January 30, 2026

Despite the Claude Code hype, I still use Cursor

I've been a DAU of Cursor since last March and continue to be. Claude Code is very hyped. After trying it out, I think the appeal of Claude Code comes down to these four factors:

  1. Opus 4.5 is an insanely good model for coding and knowledge work generally.
  2. Claude's pricing is relatively generous. Precise token limits by plan are hard to determine, but if you use hundreds of millions of Opus 4.5 tokens per month, the Claude Max 20x plan is the cheapest way to consume them.
  3. The terminal UI makes you feel like a 1337 h4x0r, even though it's essentially a chat interface. This is an underrated aspect of the appeal and buzz in my opinion (see this tweet).
  4. Claude skills and plugins are apparently useful though I admit I haven't perused those libraries yet.
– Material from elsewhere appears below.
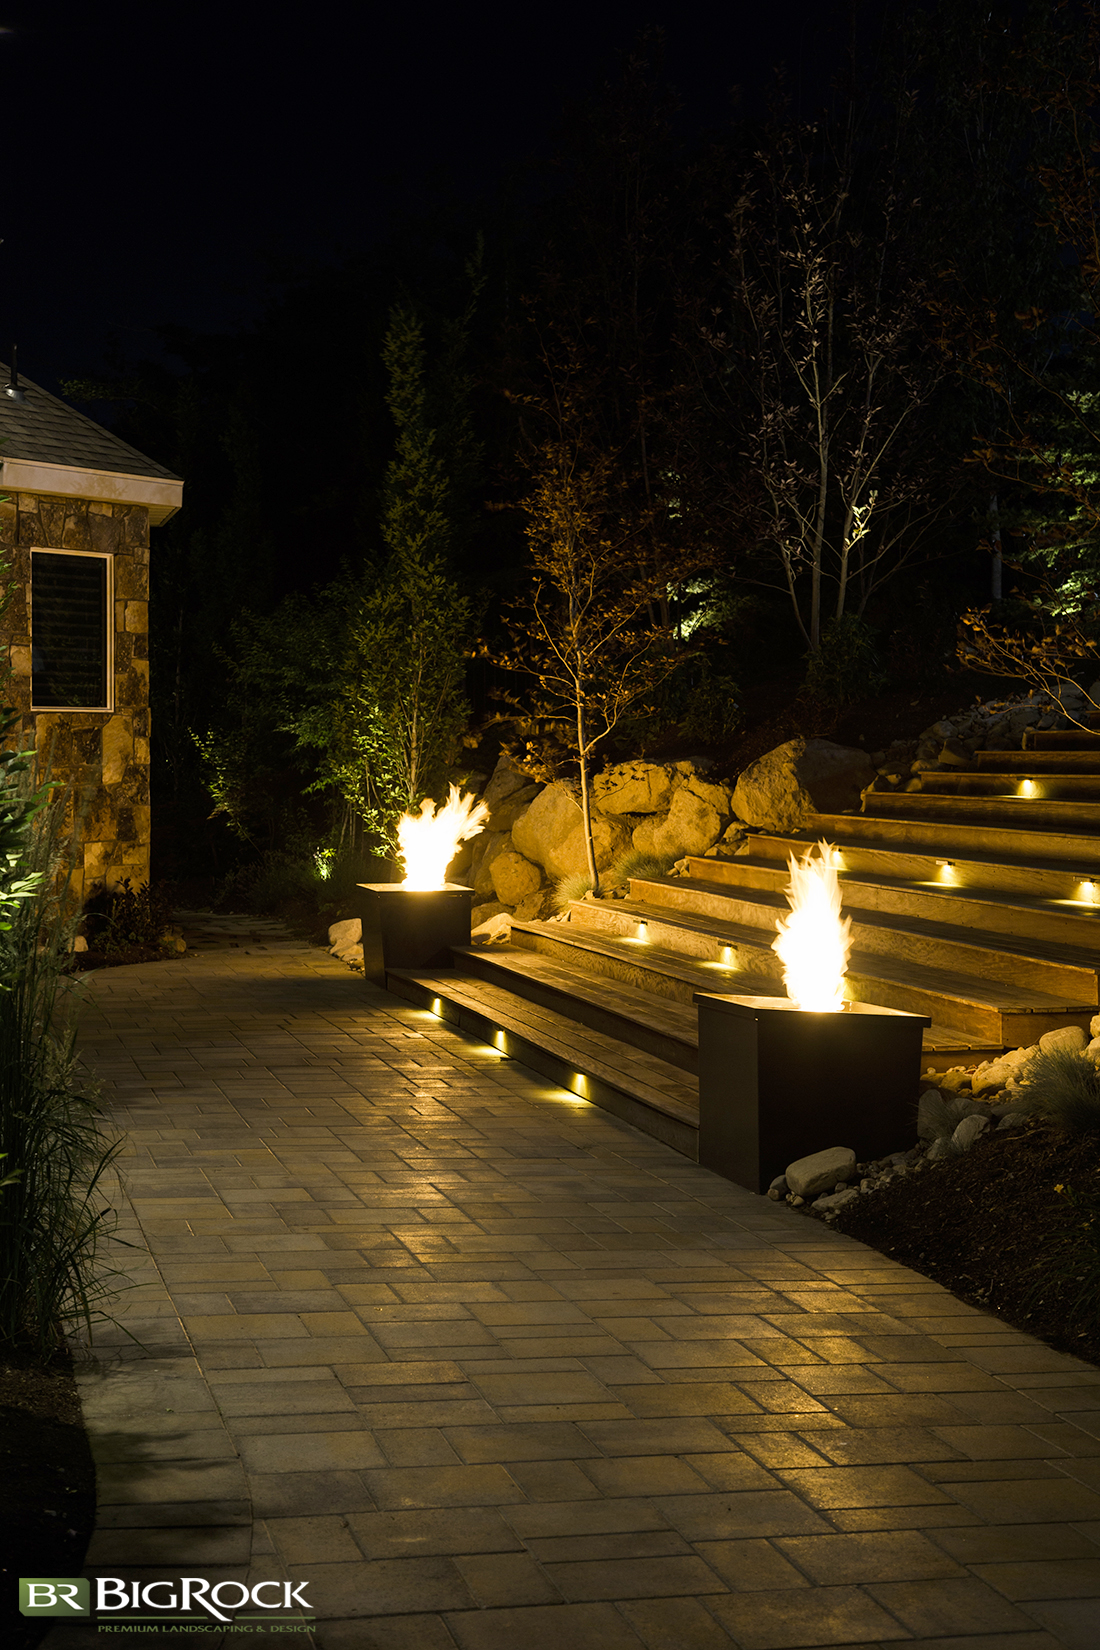 Big Rock Landscaping consider every element of a landscape design for our clients. We help elevate your landscape with jaw dropping lighting options and fire features.
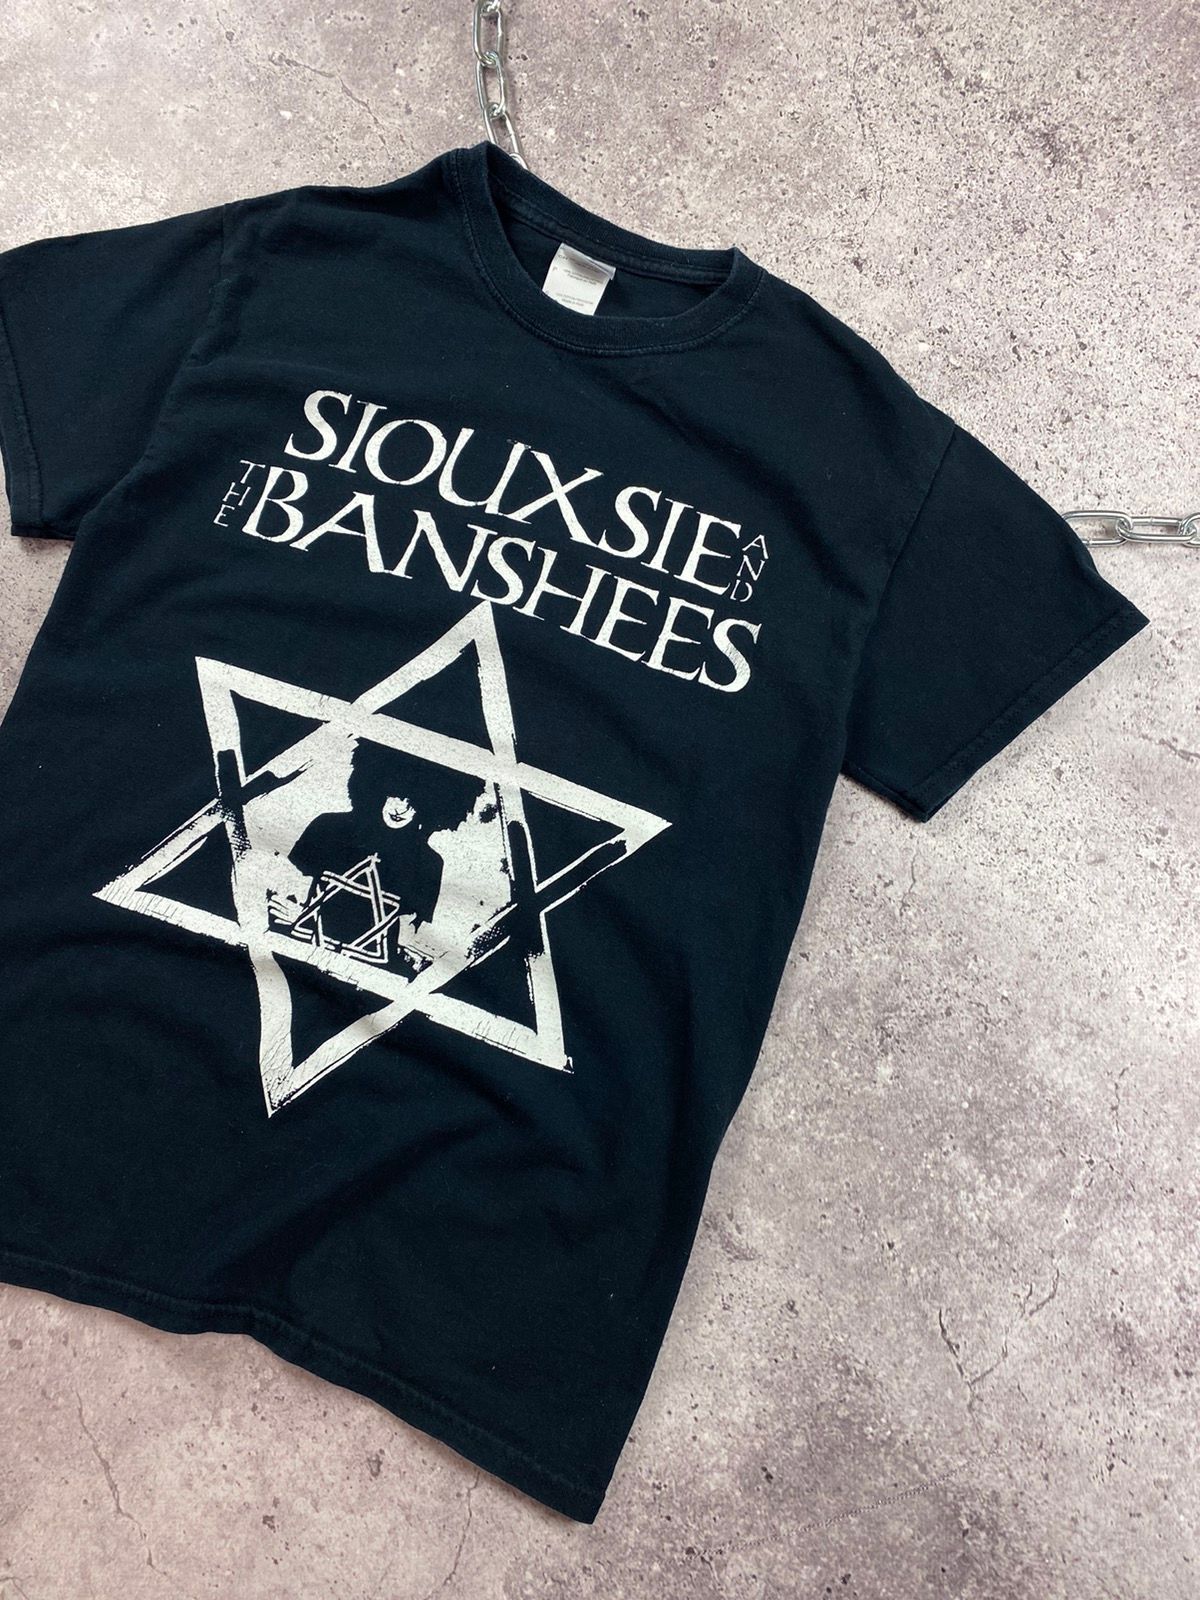 Vintage Vintage Siouxsie And The Banshees Tee Shirt Punk Faded Size US S / EU 44-46 / 1 - 2 Preview

I've been using Cursor as my daily driver for almost a year now, and I don't plan to switch to Claude Code, at least not yet. Here's my thinking, starting by addressing the above reasons one by one:

  1. Opus 4.5: You can use it in Cursor.
  2. Price: This is the best reason to switch from Cursor to Claude Code. I'm at about 700M Opus 4.5 tokens consumed in my current billing period. Google AI Mode estimates I'd save $200-400 per month by switching to Claude Code. That's a real point in Claude's favor.
  3. Terminal UI: Doesn't matter to me. If it did, Cursor CLI exists now too.
  4. Claude Skills: You can now use them in Cursor.

So price is really the main reason I'd switch. But Cursor has a number of advantages to me over Claude Code.

  1. IDE interface: I tend to make changes to front-end files because I have opinions (right or wrong) about details of the UI. I also like being able to review files in a familiar IDE environment to see what's going on or look at diffs.
  2. Model-agnosticism: Cursor gives you access to Anthropic's models (Opus 4.5 is the main one I use these days), but also everyone else's. I use Composer-1 for straightforward implementation tasks because it's usually faster. I'm interested in trying out Codex-5.2 because apparently it's the best at debugging. New powerful models come out from different companies every few months. I like the model optionality that Cursor provides.
  3. Bugbot: I'm a huge fan of bugbot, which has saved me on numerous occasions. It now has an "autofix" mode, in which bugbot commits fixes directly to a branch after identifying issues. So good.
  4. Switching cost: I've already configured Cursor. I've set up integrations, MCP connections, rules, extensions... Yes, I can set all this stuff up in Claude Code, and yes it's pure laziness to not want to do so, but I still don't want to do it.
  5. Cloud agents: These exist in Claude Code too, I think, but I like being able to kick off a Cursor cloud agent from Linear or from my phone and get a good PR.

I'm effectively paying a few hundred dollars every month for these benefits of Cursor over Claude Code. But to me it's worth it.